Militance pro-semence
Au Canada, il existe des organismes qui militent pour la sauvegarde des variétés anciennes. C’est le cas de l’organisme Semences du patrimoine Canada dont l’action repose sur un réseau de jardiniers, d’agriculteurs, de scientifiques et de passionnés. Ils s’appliquent à conserver, cultiver et partager par le biais d’un catalogue commun les semences potagères en danger d’extinction. Chaque membre devient donc un acteur important dans la lutte pour la conservation des variétés du patrimoine. Leur travail permet un meilleur accès aux semences et, ultimement, leur survie.
Infos : semences.ca
Faire des économies
Vous pouvez acheter vos semences chez votre semencière ou semencier de famille, mais si votre surface de plantation est un peu plus grande qu’un petit jardin, il sera économiquement avantageux de s’autosuffire en semences et, pourquoi pas, d’en faire profiter vos amis ! La nature est généreuse, vous pourrez partager votre récolte de semences avec d’autres jardiniers, à une table d’échange lors d’une Fête des semences ou encore à votre bibliothèque locale (eh oui ! Certaines tiennent en saison des « grainothèques » !).

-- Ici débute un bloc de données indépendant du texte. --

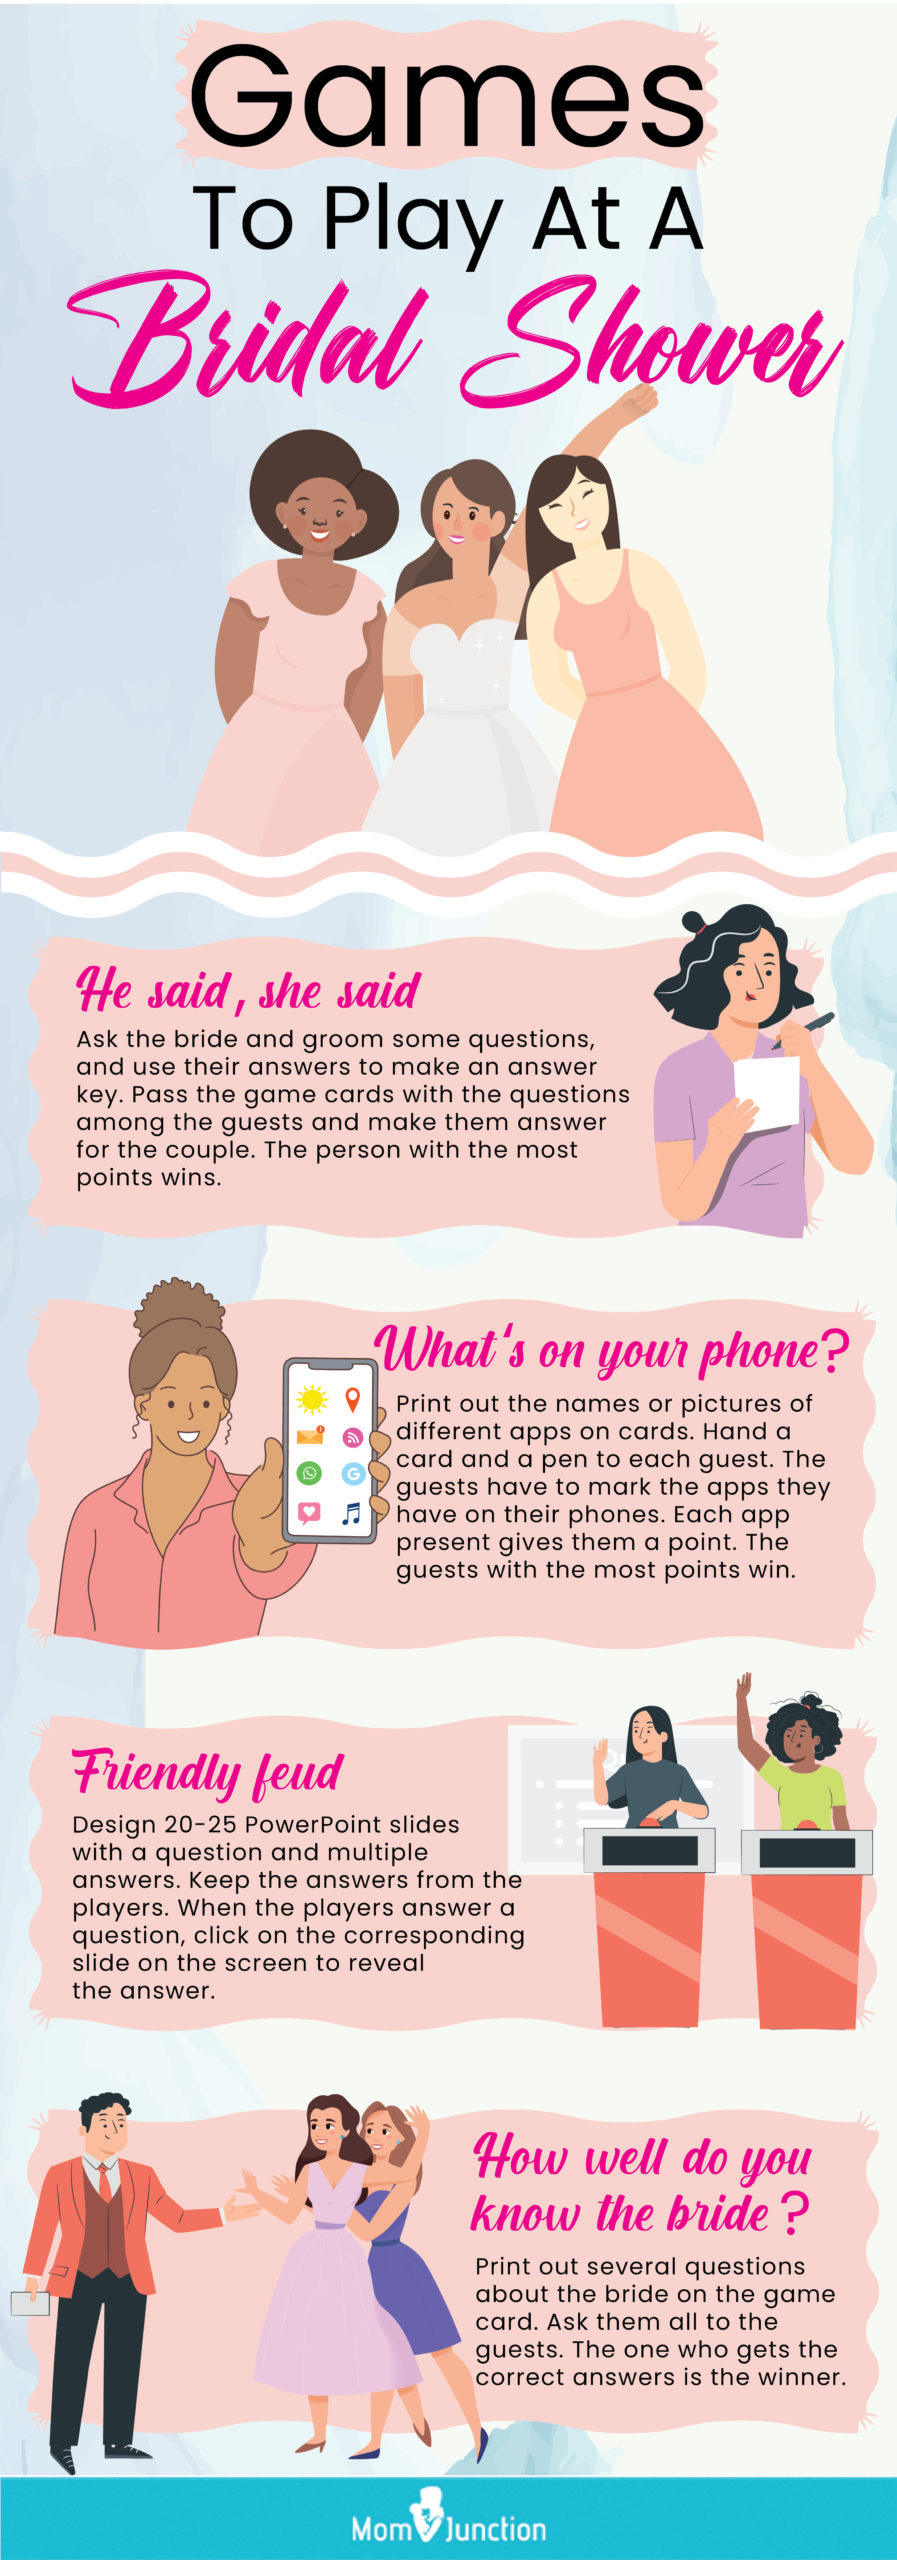 games to play at a bridal shower (infographic)

Retrouver les saveurs d’autrefois
Les fruits et les légumes qu’on retrouve dans les supermarchés sont des variétés qui sont faciles à transporter, très uniformes, mûrissant lentement… mais ayant souvent des qualités gustatives qui laissent à désirer. Les variétés ancestrales ne répondent peut-être pas aux critères de performance d’aujourd’hui, mais elles ont gardé leur saveur d’autrefois ! Rien de mieux qu’une tomate qui goûte celle de notre enfance.
Une réserve mondiale !
Une banque de semences est un endroit où on conserve des échantillons de matériel génétique afin de sécuriser l’agriculture. La plus connue est sûrement la Réserve mondiale de semences située dans l’Arctique, dans l’archipel du Svalbard. Creusée à même une montagne, entourée de pergélisol, elle a pour but de sauvegarder des doubles des variétés de chaque pays dépositaire au cas où un désastre, une crise ou une guerre surviendrait et mettrait à mal l’agriculture. La Banque de gènes du Canada possède un double de ses échantillons dans cette chambre forte.